Sky bidding war: how much further can prices climb?

Consolidation is key to US media in the face of online streaming competition; what does the battle mean for investors?

Pay TV business Sky was one of the best performers in the FTSE 100 index of blue-chip companies in June, gaining 8.5 per cent as the result of a bidding war for the company between Rupert Murdoch’s 21st Century Fox and US cable company Comcast.

That bidding war has now escalated once more. Following Fox’s most recent offer to purchase Sky at £14 per share, Comcast has hit back with an even higher offer of £14.75.

The bidding war initially started in February when Comcast unexpectedly placed a bid for Sky while Fox was tied up waiting for regulatory approval of the purchase.

Fox had originally agreed to buy Sky in December 2016 for just £10.75 per share. Comcast’s latest bid is almost 40 per cent above that.
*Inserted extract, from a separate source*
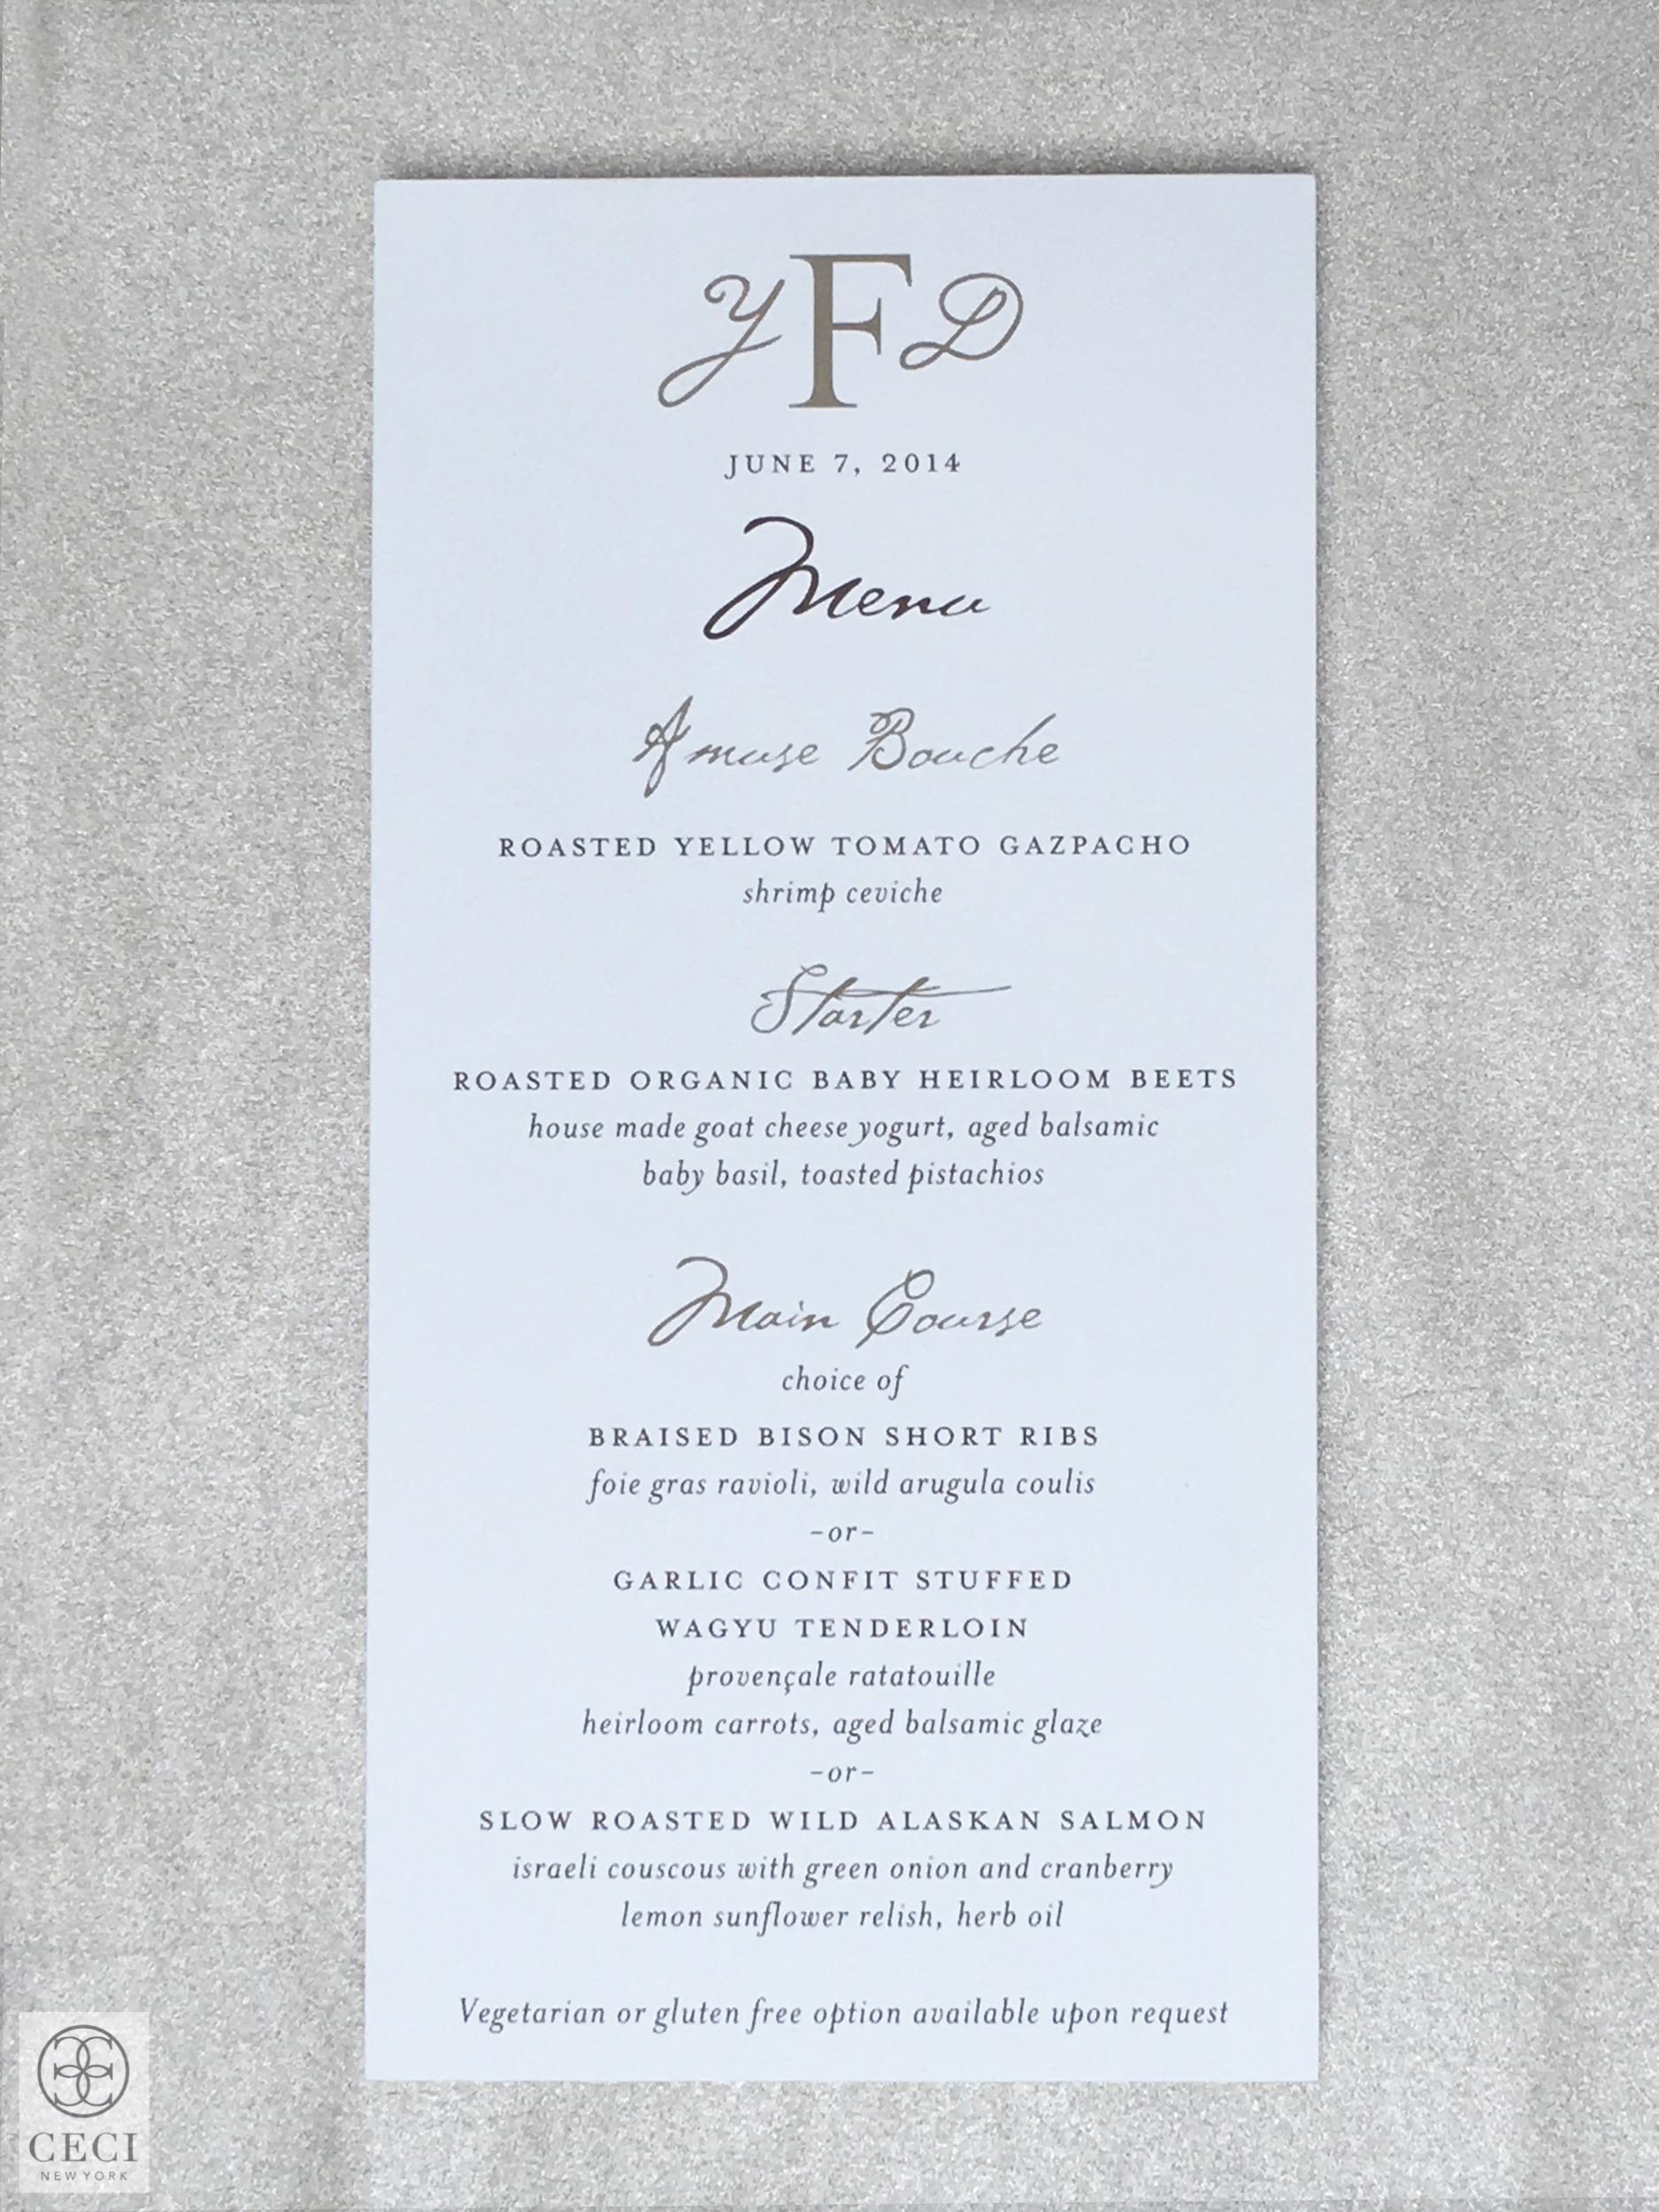 Ceci_New_York_Lyndsey_Hamilton_Events_Invitations_Wedding_Amangani_Elegance_Gold_Foil_Letterpress_Classic_Stamping_Custom_Couture_Personalized-22.jpg

The biggest winners of the war have been Sky News investors, with the broadcaster’s share price up by almost 50 per cent from the start of the year.
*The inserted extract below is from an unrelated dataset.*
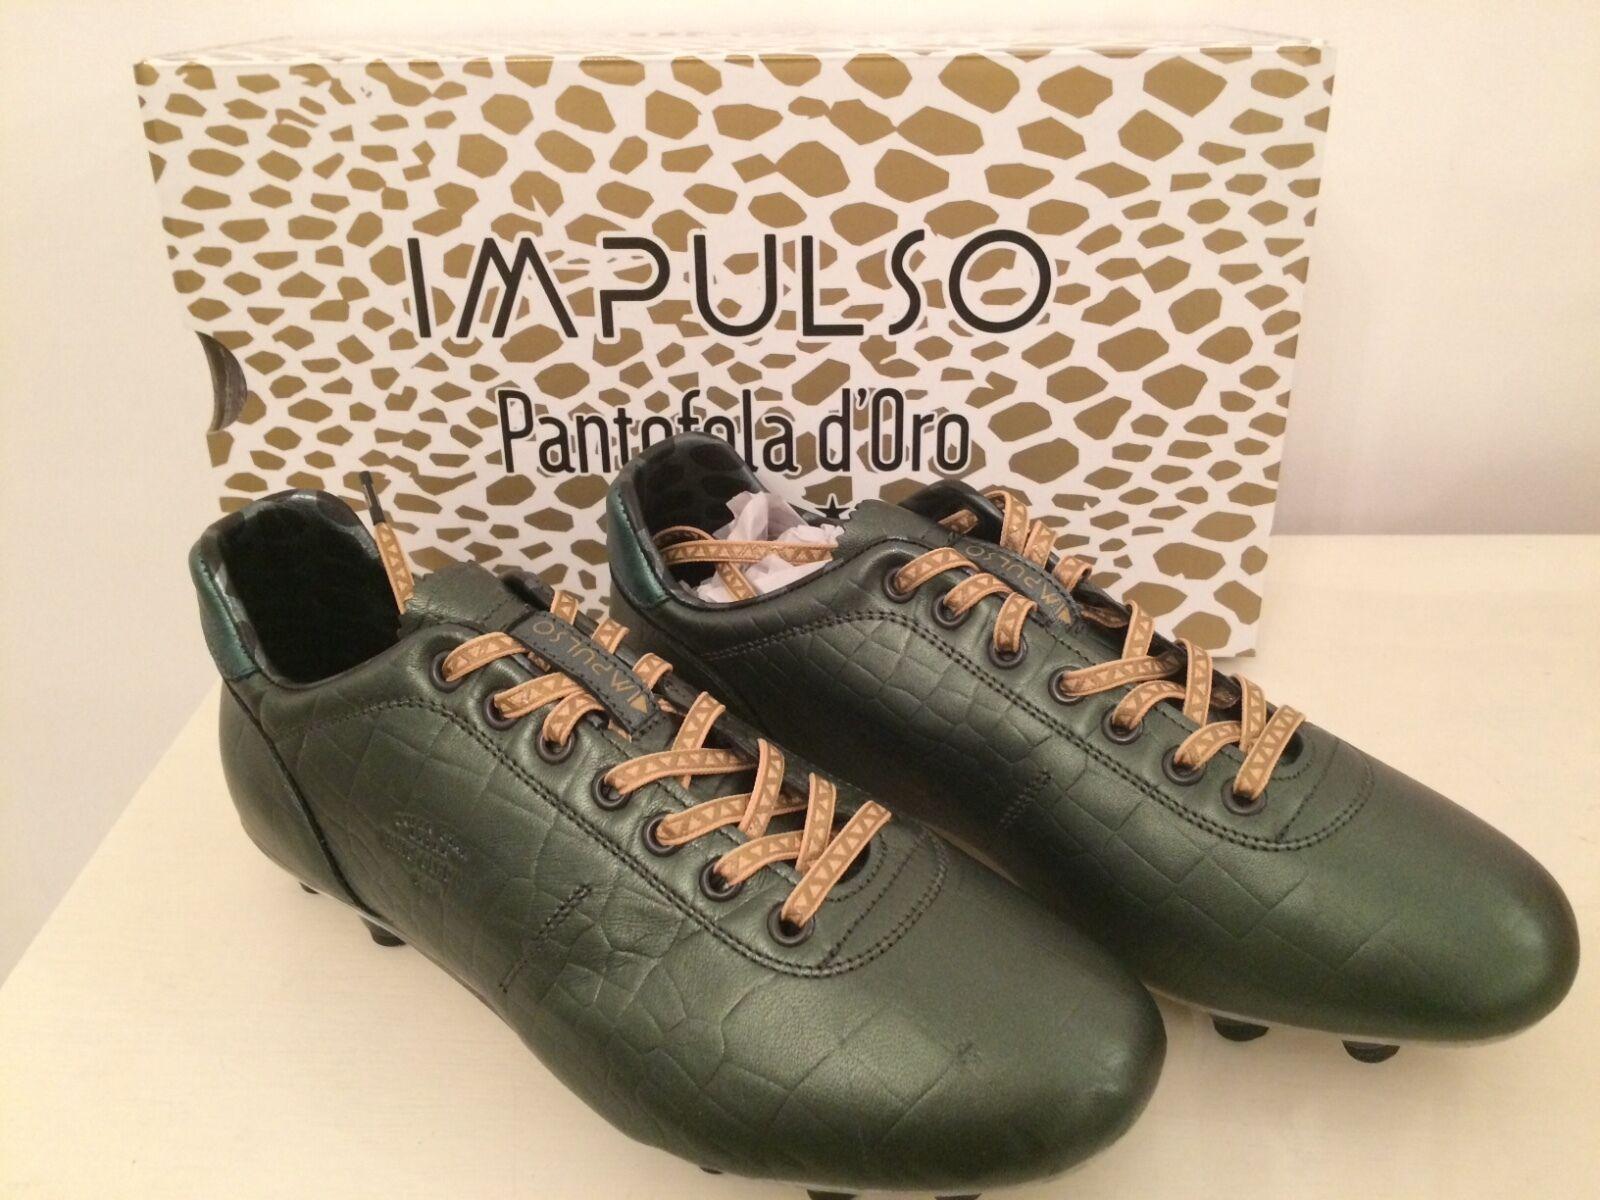 Impulso Pantofola d'Oro Größe 46 Euro New Cocco Nile Grün Football Studs

Comcast’s latest rapid-fire offer further shows the determination of the company to buy Sky. As Ian Forrest, investment research analyst at The Share Centre, says: ‘The speed with which Comcast has responded to Fox’s bid speaks volumes about the determination of Comcast, led by Brian Roberts, to win the day.’
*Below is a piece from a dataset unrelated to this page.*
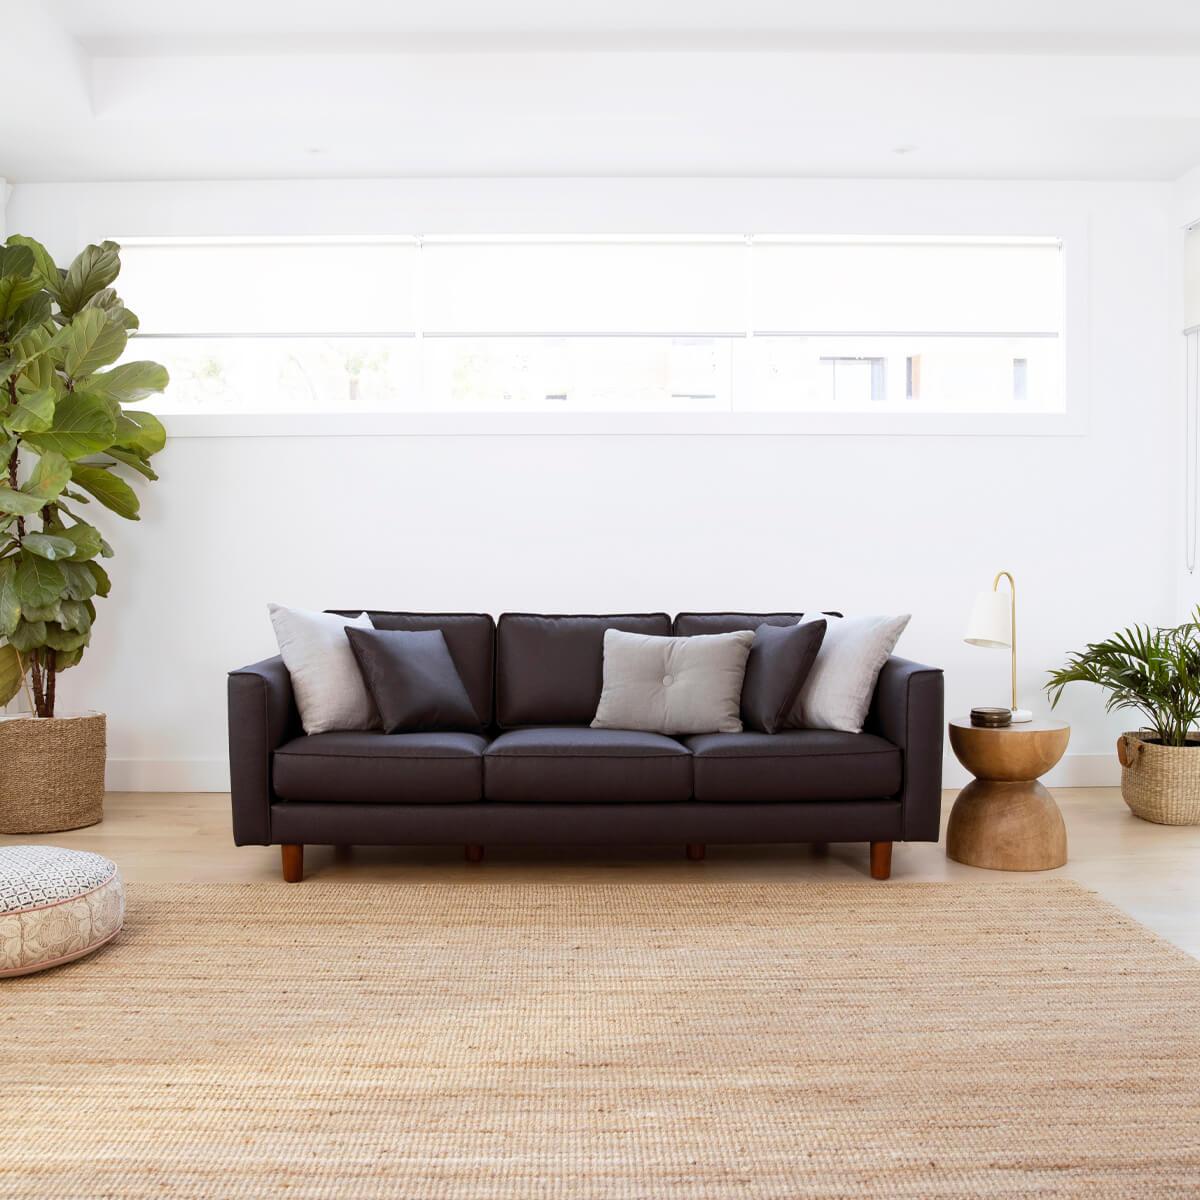 Koala's Cork Leather Sofa in Jenolan Black

Markets appear bullish, with the expectation being that prices will continue to head north as both firms appear set to put forward further counter-offers. As Forrest notes: ‘the market seems confident that the battle has further to go as the share price is now at £15.20, well above the latest Comcast offer.’

However, with prices now so elevated, how much further can they go?

Both firms want increased international exposure and are acutely aware of their vulnerability to market disrupters providing online streaming services; acquisitions are seen as key to their survival.

Just as UK (and European) supermarkets are consolidating in the face of the threat from Amazon’s move into groceries, legacy US media companies are attempting to consolidate to fend off the likes of Amazon and Netflix.

And, as Forrest notes, both companies have ‘deep pockets.’

For investors in Sky with a higher risk tolerance, there is the potential to hold out as the bidding war continues to escalate. However, notes Forrest, ‘we still believe that lower-risk investors may want to lock in recent gains.’